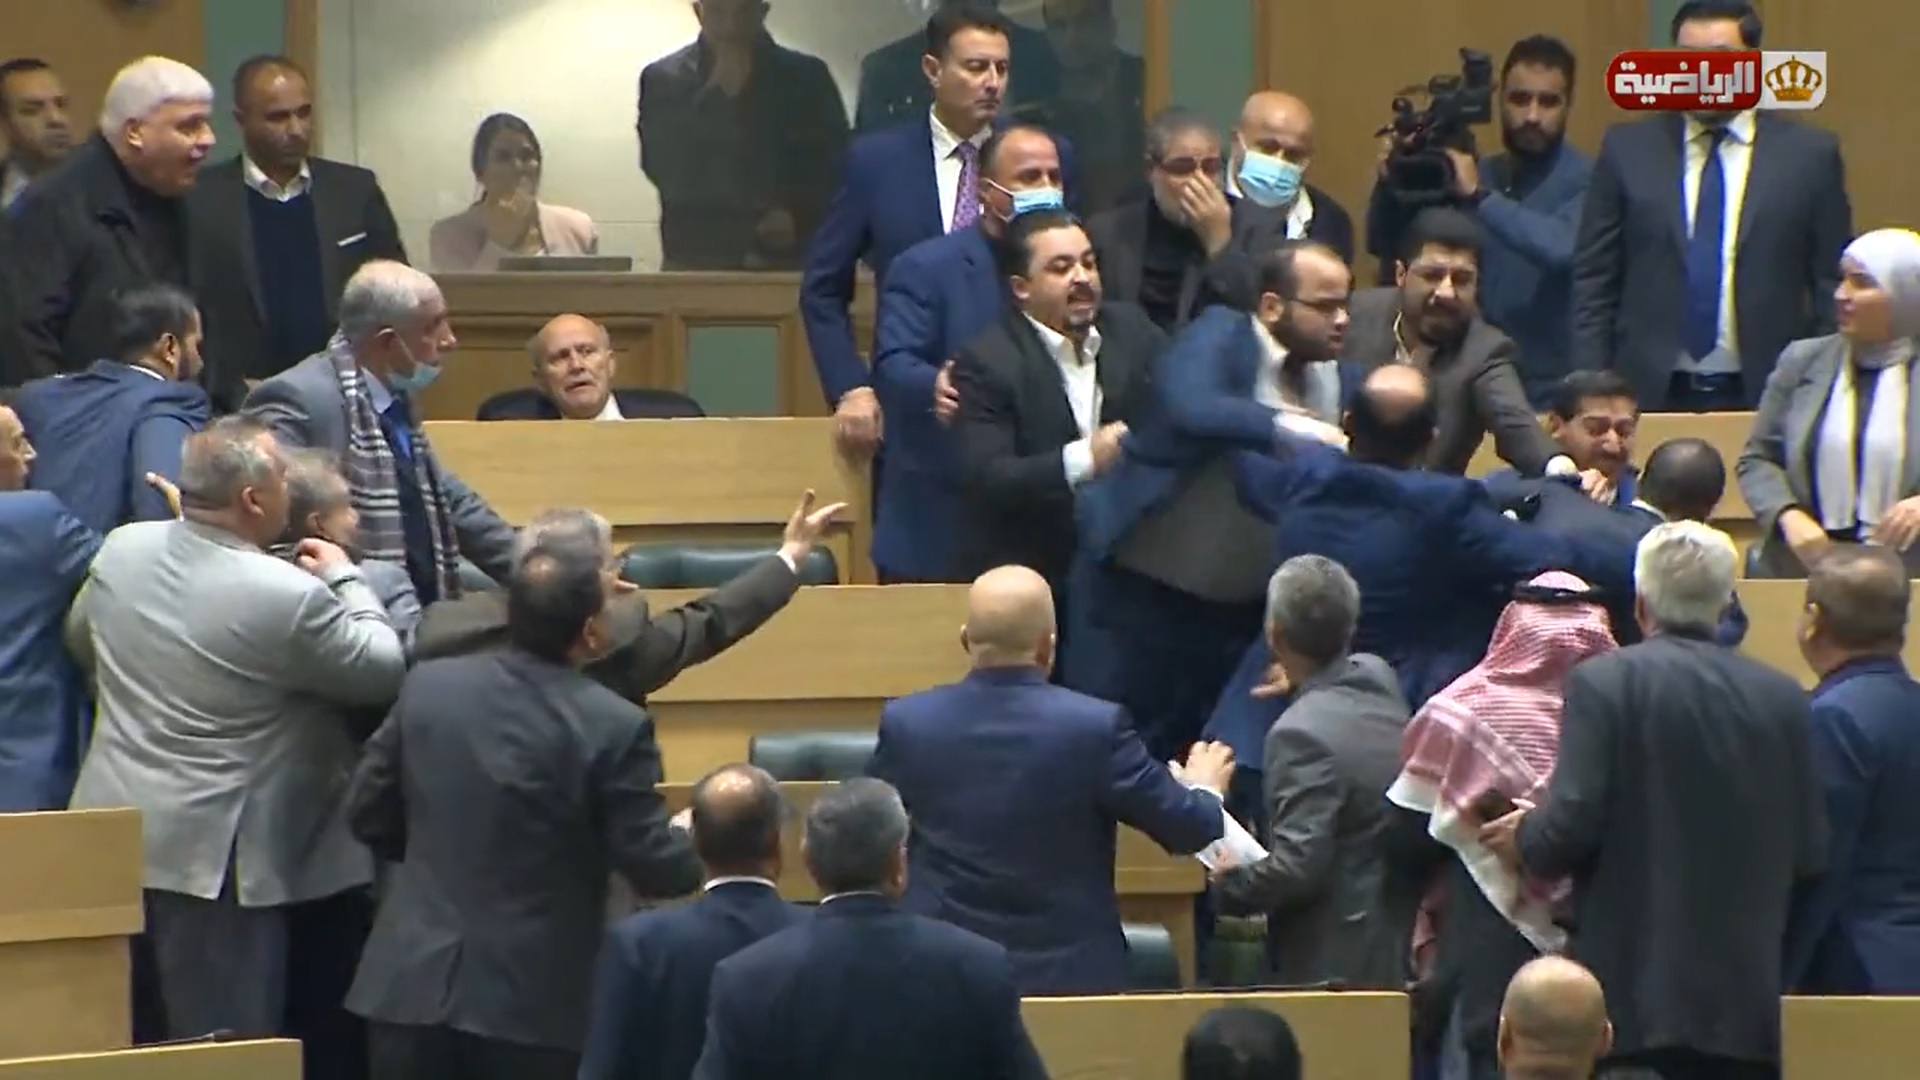 شاهد : مشاجرة بالأيدي داخل البرلمان الأردني بسبب "كلمة"
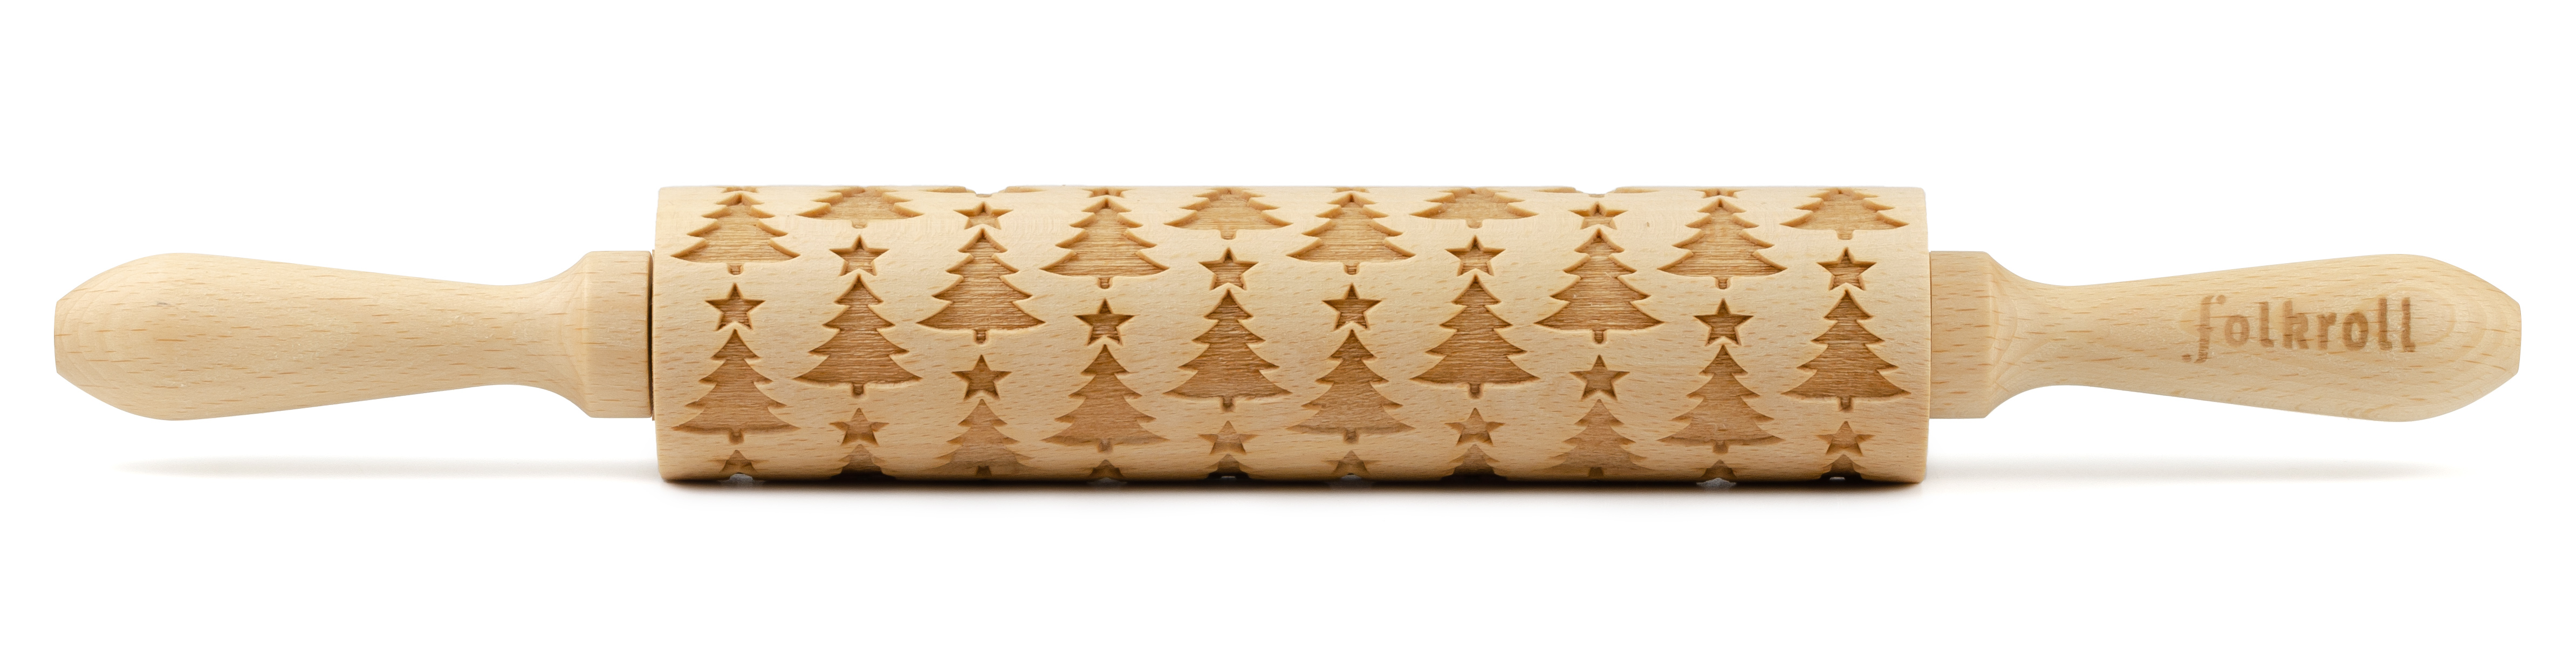 Roll of dough fir tree 37cm
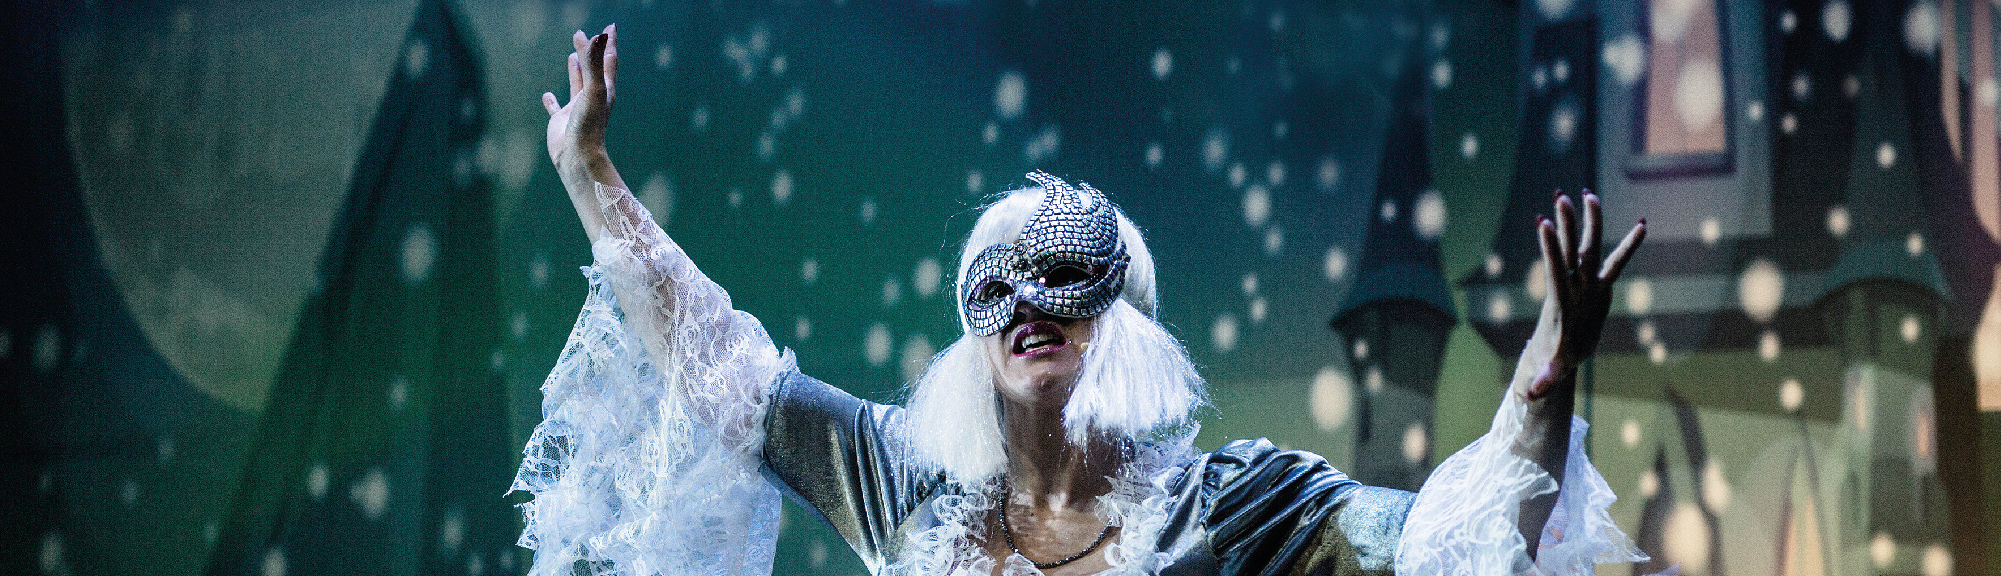 Niedziela z Bajką: Spektakl “Śnieżna Królowa – opowieść zimowa”

——

§ WORK TO COMPLETE: Every line above should be duplicated exactly; the pictures are to be left out.

§ EXERCISE ANSWER:
 شاهد : مشاجرة بالأيدي داخل البرلمان الأردني بسبب "كلمة"
 Roll of dough fir tree 37cm
 Niedziela z Bajką: Spektakl “Śnieżna Królowa – opowieść zimowa”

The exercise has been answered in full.